[Via Lars Konzack]
As a counterpoint to lists warning against Top 1o Most Evil Games, many feel called to make a canon of the very finest specimens ever.
Here’s Kjetil Sandvik‘s recent attempt:
- Spacewar (first real computer game)
- Pong (first commercial game)
- Colossal Cave Adventure (first text adventure)
- Asteroids (first commercial and succesful vectorbased game)
- MUD1 (First multi-user dungeon/dimension)
- Mario Bros (first character-based platform game)
- Madden NFL (first good licensed sport game)
- Pole Position (first good driving game)
- Pac Man (the ultimate arcade game)
- The Ultima-series (long, commercial and artistic succesful RPG-series)
- Microsoft Flight Simulator (first, pure and best simulator)
- Civilization (Ground-breaking God perspective/building game, marvelous gameplay)
- Tetris (A class of its own)
- Myst (first visually narrative CD-ROM)
- Doom (historically epoch-making technology/content)
- Tekken (most succesful martial arts games)
- Final Fantasy-series (Ground-braking adventure/RPG)
- The Sims (Again a class of its own)
- Grand Theft Auto (first and biggest in 3D freedom-of-movement, ironically, theme-based, show-off sound track)
Basically: I like it.
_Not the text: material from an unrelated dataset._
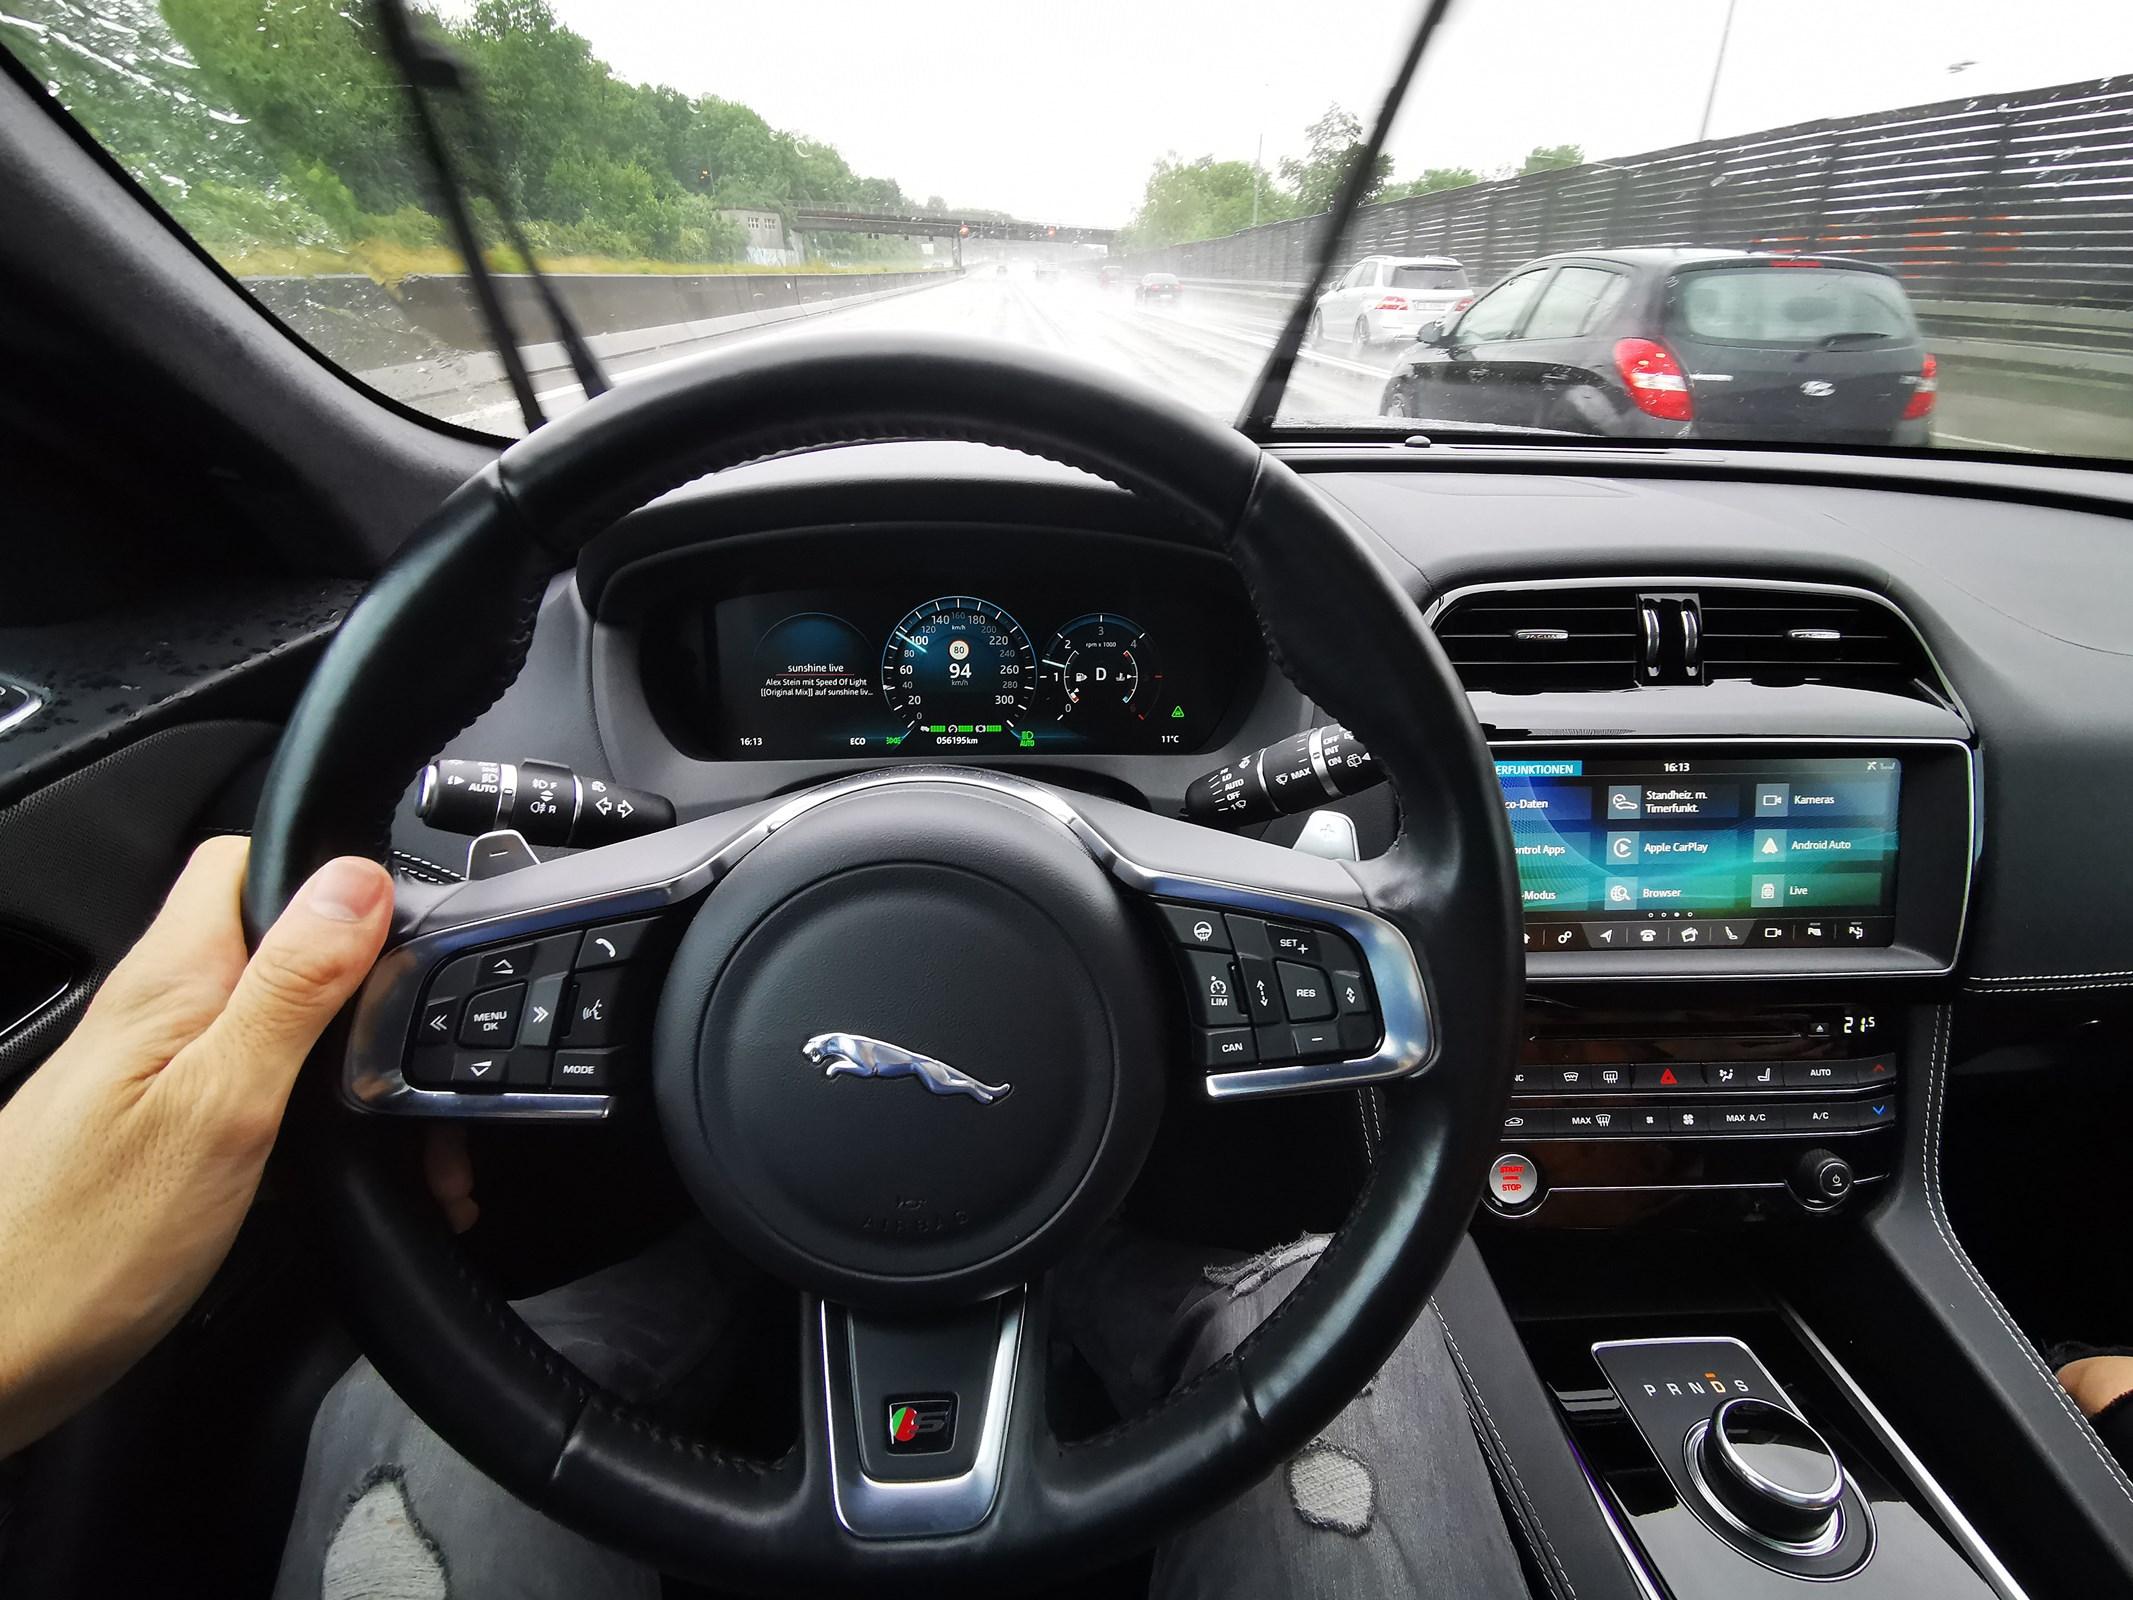 Jaguar F-Pace 3.0 V6 D S AWD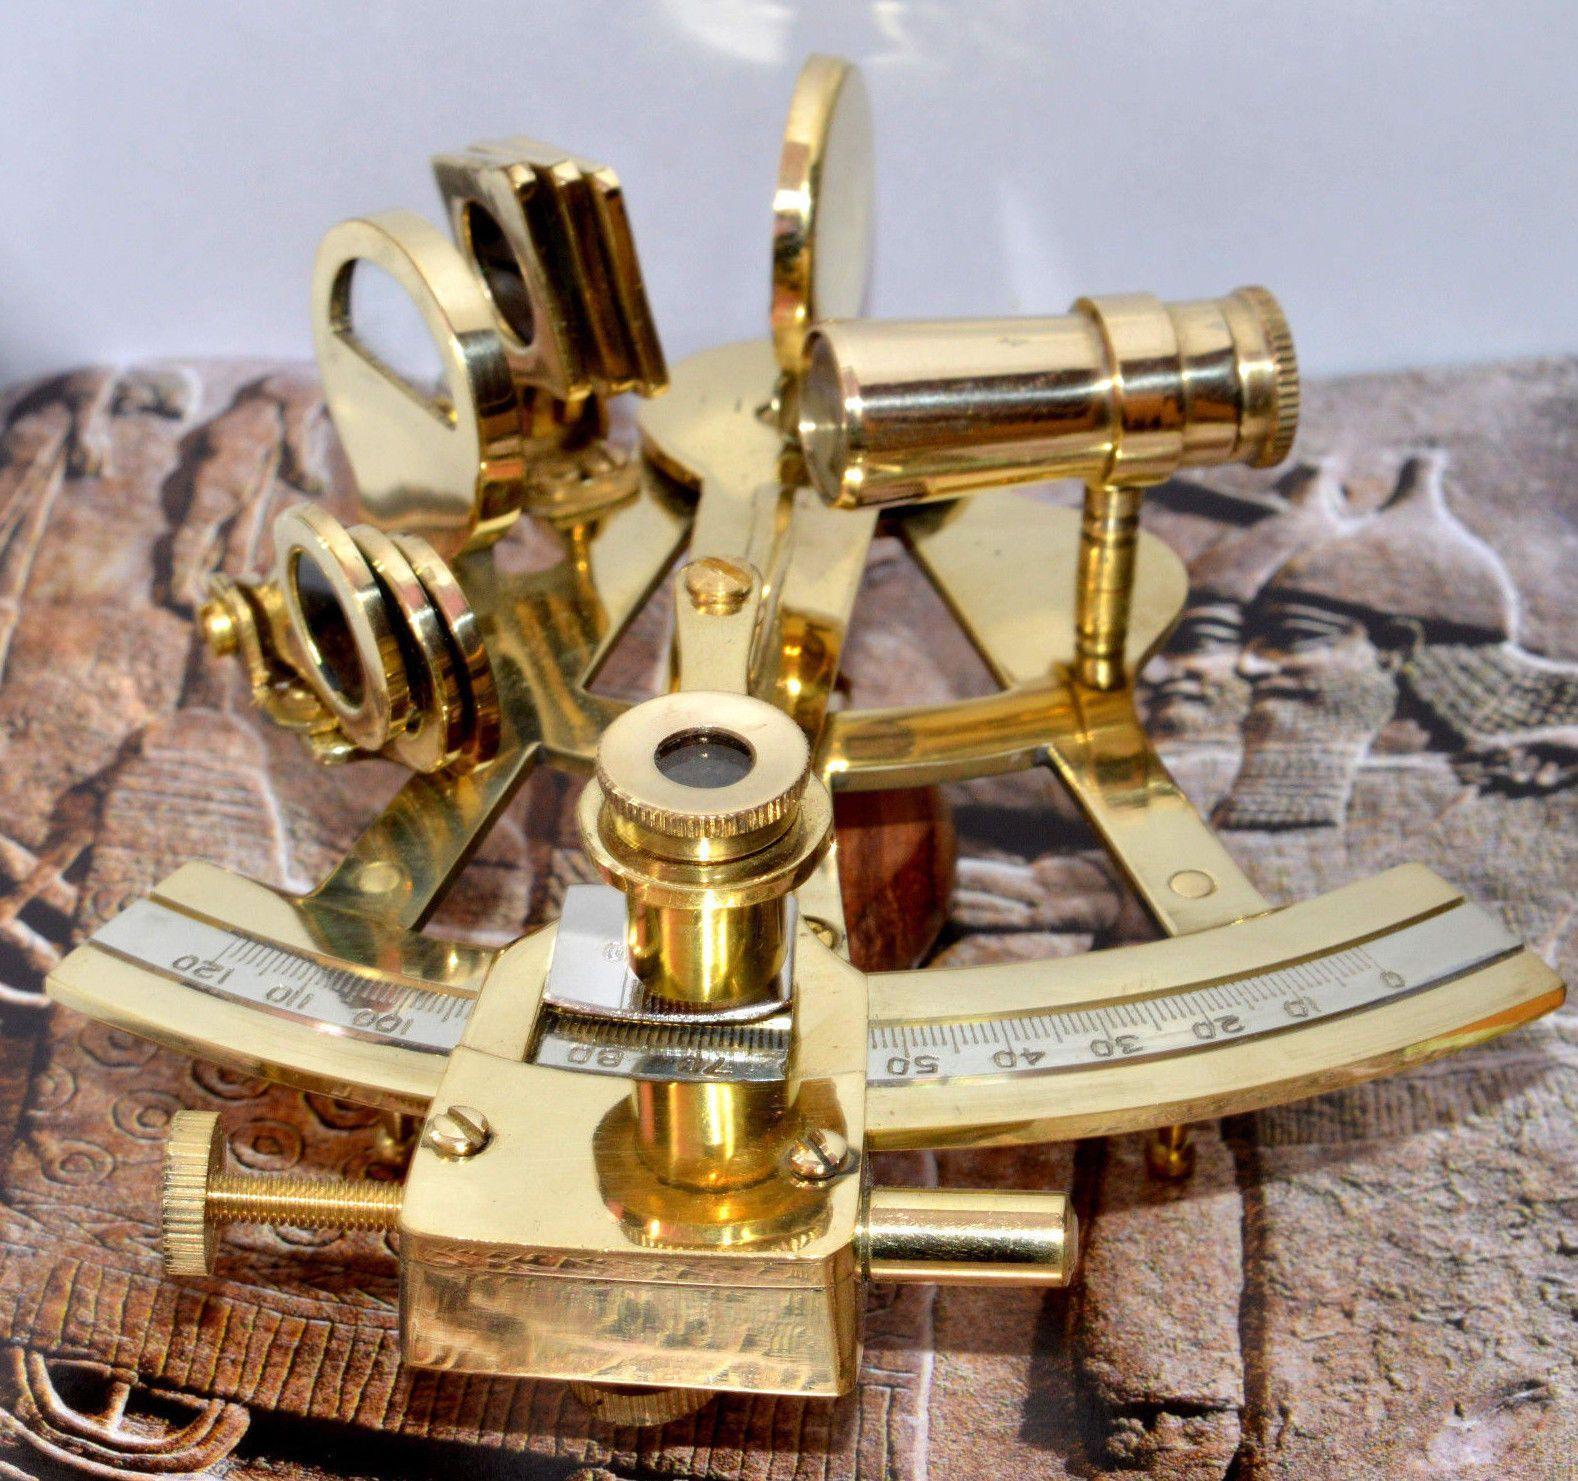 Maritime Brass Sextant Marine Design Navigation Vintage Astrolabe Nautical Sextant Decor Maritime Navigational Instruments

But… Including
Asteroids because of its vector graphics seems arbitrary. Asteroids was wonderful but not because of its graphics technology. I don’t see any real reason for including it.
Mario Bros… Not really the first character based platform game.
Donkey Kong came before Mario and features said plumber even if he had yet to be named.
Madden NFL… first good licensed sport game seems a less-than-worthy criterion.
Myst (first visually narrative CD-ROM)… not sure what that means exactly. Myst may have been some sort of “
Birth of a Nation” of adventure games (even if don’t think that’s true) combining all sorts of known tricks in brilliant ways. But I really don’t think Myst deserves so much honour.
At least I think we need to add an example of processual, sandbox-style game style emerging in the 1980s. Probably Elite, since it was such a ground-breaking design for its time.
Other candidates in this category: SimCity (which probably deserves a place for other reasons also) and Sid Meier’s Pirates.
More problematic, of course, are the games that did nothing original in a way that just made them so much better than anything that had come before. In this category I would place Baldur’s Gate which made a linear story seem open through sheer size (and some clever design choices).
Also, it’s shocking (the outrage!) that no RTS games make the list. Dune II, Kjetil. Not the first of the best, but surely the best of the first.